Fitting the model in stata¶
In stata, we would run this:
. reg ln_wage educ pexp pexp2 broken_home, robust
Linear regression Number of obs = 1034
F( 4, 1029) = 64.82
Prob > F = 0.0000
R-squared = 0.1664
Root MSE = .42654
------------------------------------------------------------------------------
| Robust
ln_wage | Coef. Std. Err. t P>|t| [95% Conf. Interval]

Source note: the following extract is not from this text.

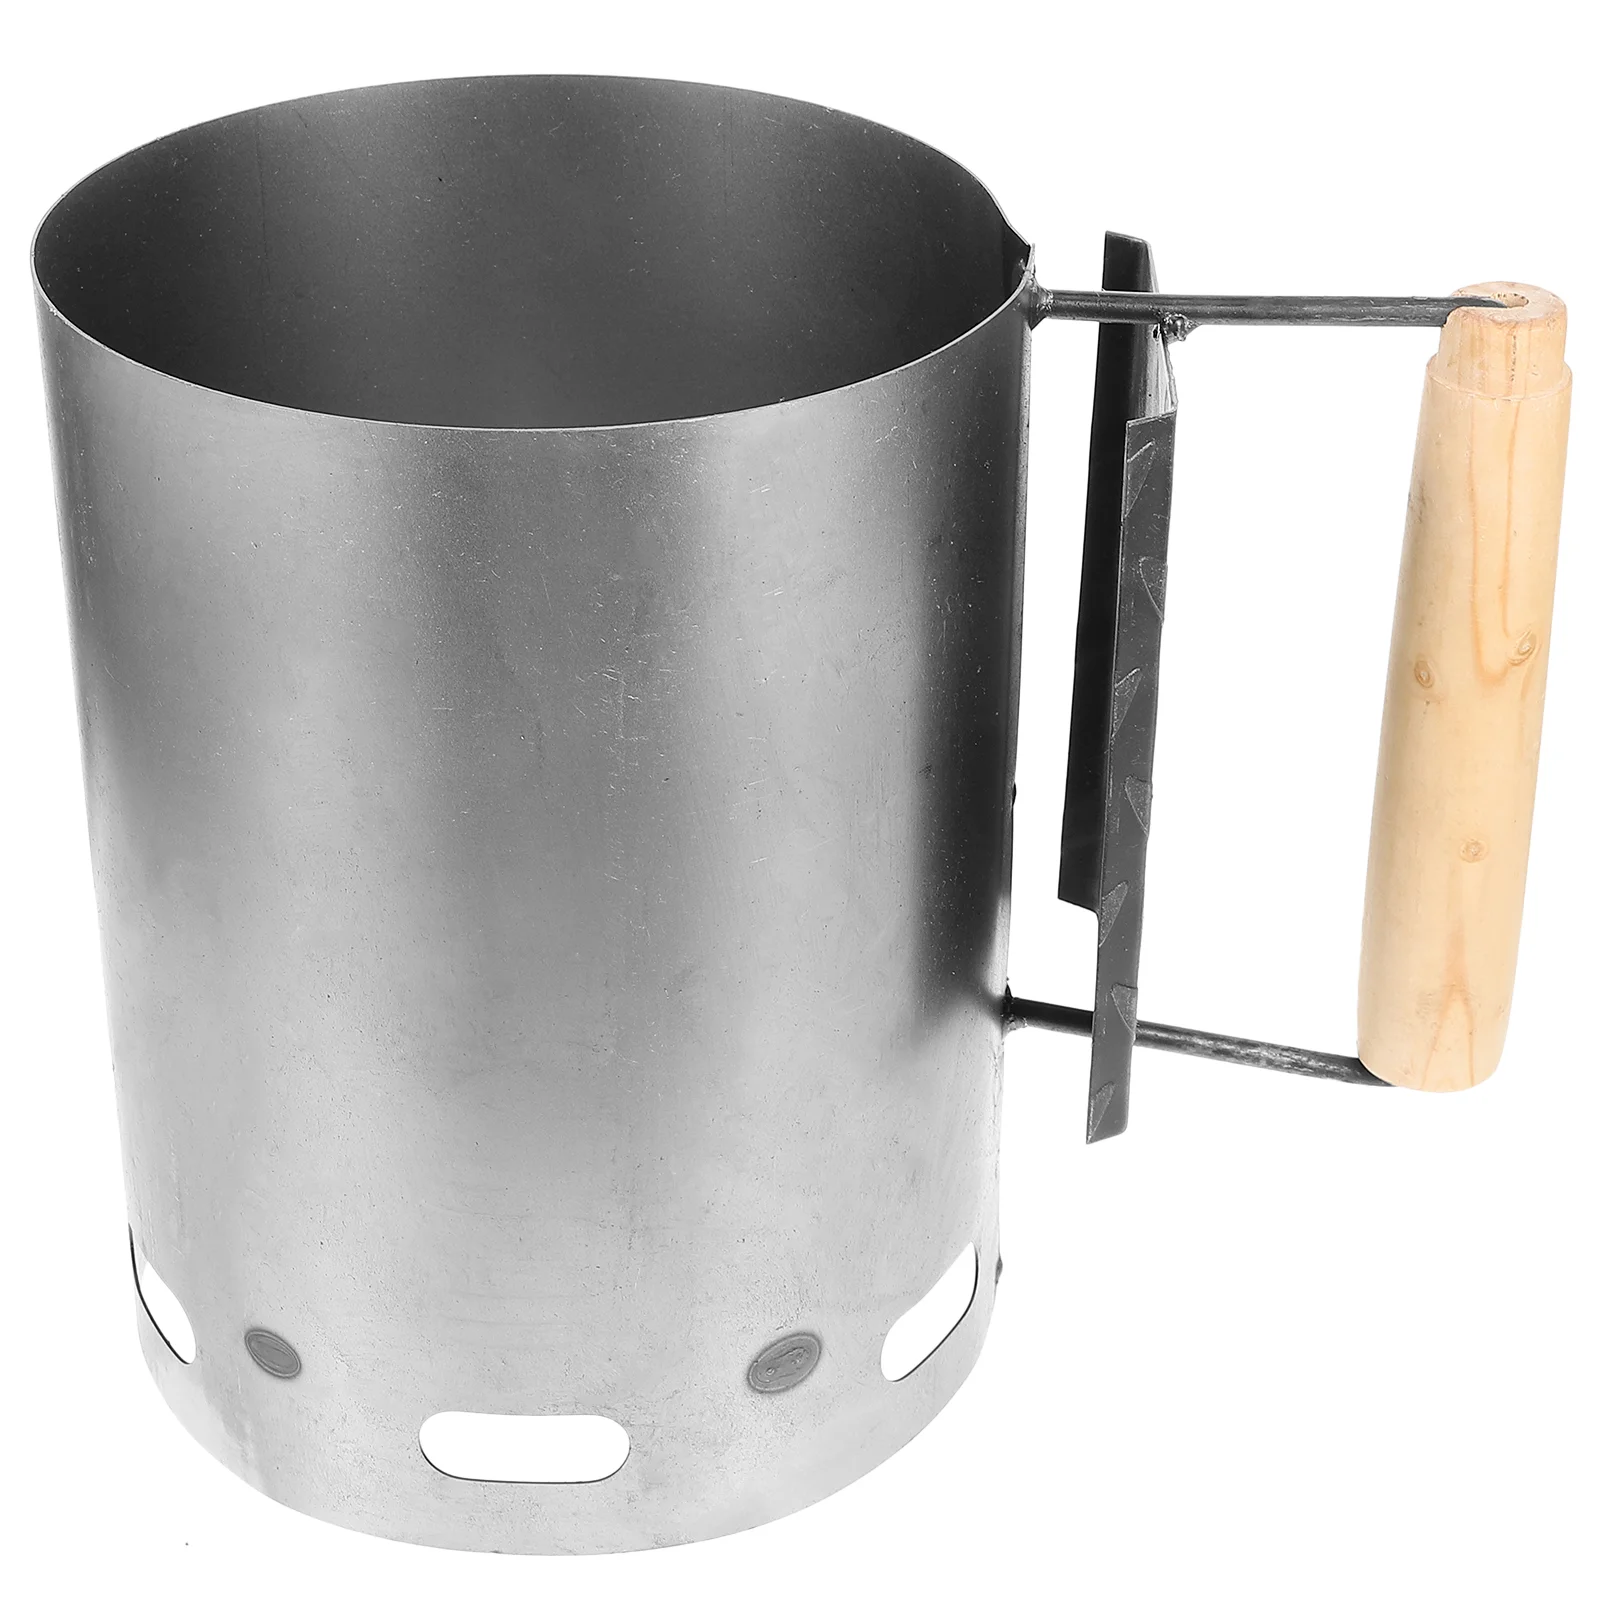 

Wooden Handle Chimney Lighter Basket Outdoor Charcoal Starter BBQ Ignition Barrel
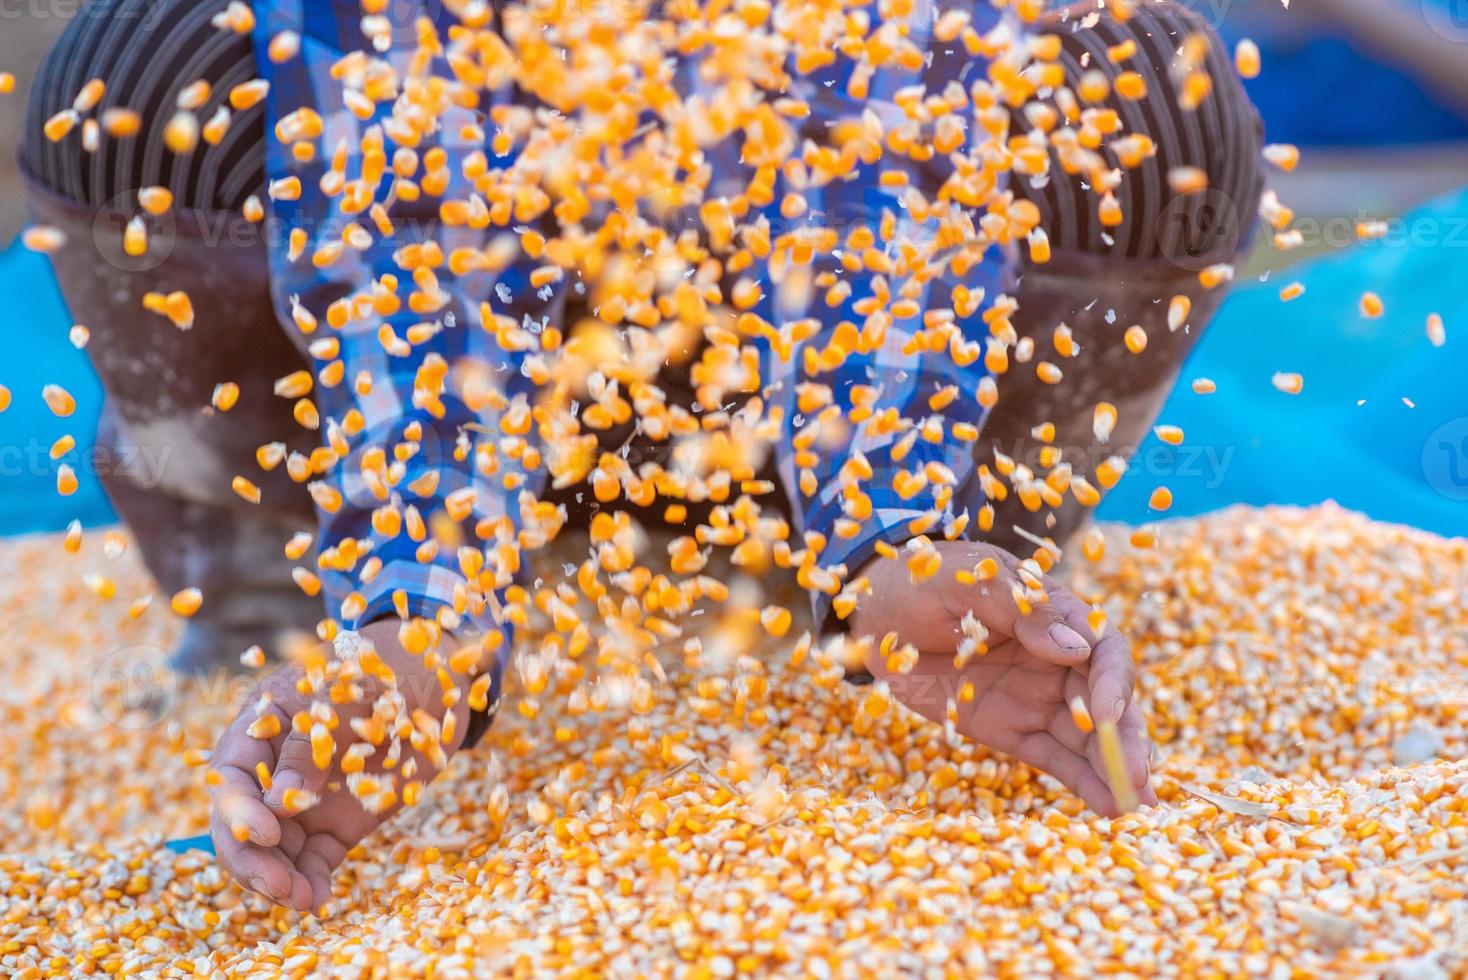 mãos dos agricultores estão coletando sementes de milho. foto

-------------+----------------------------------------------------------------
educ | .0852725 .0099294 8.59 0.000 .0657882 .1047568
pexp | .2035214 .0226835 8.97 0.000 .1590101 .2480326
pexp2 | -.0124126 .0022447 -5.53 0.000 -.0168173 -.0080079
broken_home | -.0087254 .0312381 -0.28 0.780 -.070023 .0525723
_cons | .4603326 .1315416 3.50 0.000 .2022121 .718453
------------------------------------------------------------------------------
Fitting the model in Ipython¶
In Ipython, we don't need to rerun the model. The default OLS command already includes a number of different types of robust standard errors (one of which using the method outlined above). All we need to do is create a new results instance that calls the covariance type we want:
results_robust = results.get_robustcov_results(cov_type='HC1')
print(results_robust.summary())
Bootstrapped standard errors¶
Fitting the model in stata¶
If instead, we want to bootstrap our standard errors, in stata we would do this:
. bstrap: reg ln_wage educ pexp pexp2 broken_home
(running regress on estimation sample)
Bootstrap replications (50)
----+--- 1 ---+--- 2 ---+--- 3 ---+--- 4 ---+--- 5
.................................................. 50
Linear regression Number of obs = 1034
Replications = 50
Wald chi2(4) = 290.46
Prob > chi2 = 0.0000
R-squared = 0.1664
Adj R-squared = 0.1632
Root MSE = 0.4265
------------------------------------------------------------------------------
| Observed Bootstrap Normal-based
ln_wage | Coef. Std. Err. z P>|z| [95% Conf. Interval]
-------------+----------------------------------------------------------------
educ | .0852725 .010622 8.03 0.000 .0644539 .1060912
pexp | .2035214 .0217148 9.37 0.000 .1609611 .2460816
pexp2 | -.0124126 .0021076 -5.89 0.000 -.0165433 -.0082818
broken_home | -.0087254 .0330727 -0.26 0.792 -.0735466 .0560958
_cons | .4603326 .1405716 3.27 0.001 .1848173 .7358479
------------------------------------------------------------------------------
It is important to note that the above set of results implicitly assumes normality, since confidence intervals are symmetric about the mean (and since standard errors are reported).
Fitting the model in Ipython¶
This isn't as straightforward in Ipython. We need to do a bit of wrangling to get the bootstrap working in Ipython. Write our own routine.
R = 50
results_boot = np.zeros((R,results.params.shape[0]))
row_id = range(0,tobias_koop.shape[0])
for r in range(R):
this_sample = np.random.choice(row_id, size=tobias_koop.shape[0], replace=True) # gives sampled row numbers
# Define data for this replicate:
tobias_koop_r = tobias_koop.iloc[this_sample]
# Estimate model
results_r = smf.ols(formula,tobias_koop_r).fit(disp=0).params
# Store in row r of results_boot:
results_boot[r,:] = np.asarray(results_r)
The array results_boot has all of our data. Put in pandas dataframe and summarize:
# Convert results to pandas dataframe for easier analysis:
results_boot = pd.DataFrame(results_boot,columns=['b_Intercept','b_educ','b_pexp','pexp2','b_broken_home'])
results_boot.describe(percentiles=[.025,.975])
In the above set of results, the standard deviation (std
) can be interpreted as the parameter standard error if we are willing to impose normality. Alternatively, we could construct 95% confidence intervals by looking at the 2.5% and 97.5% percentiles.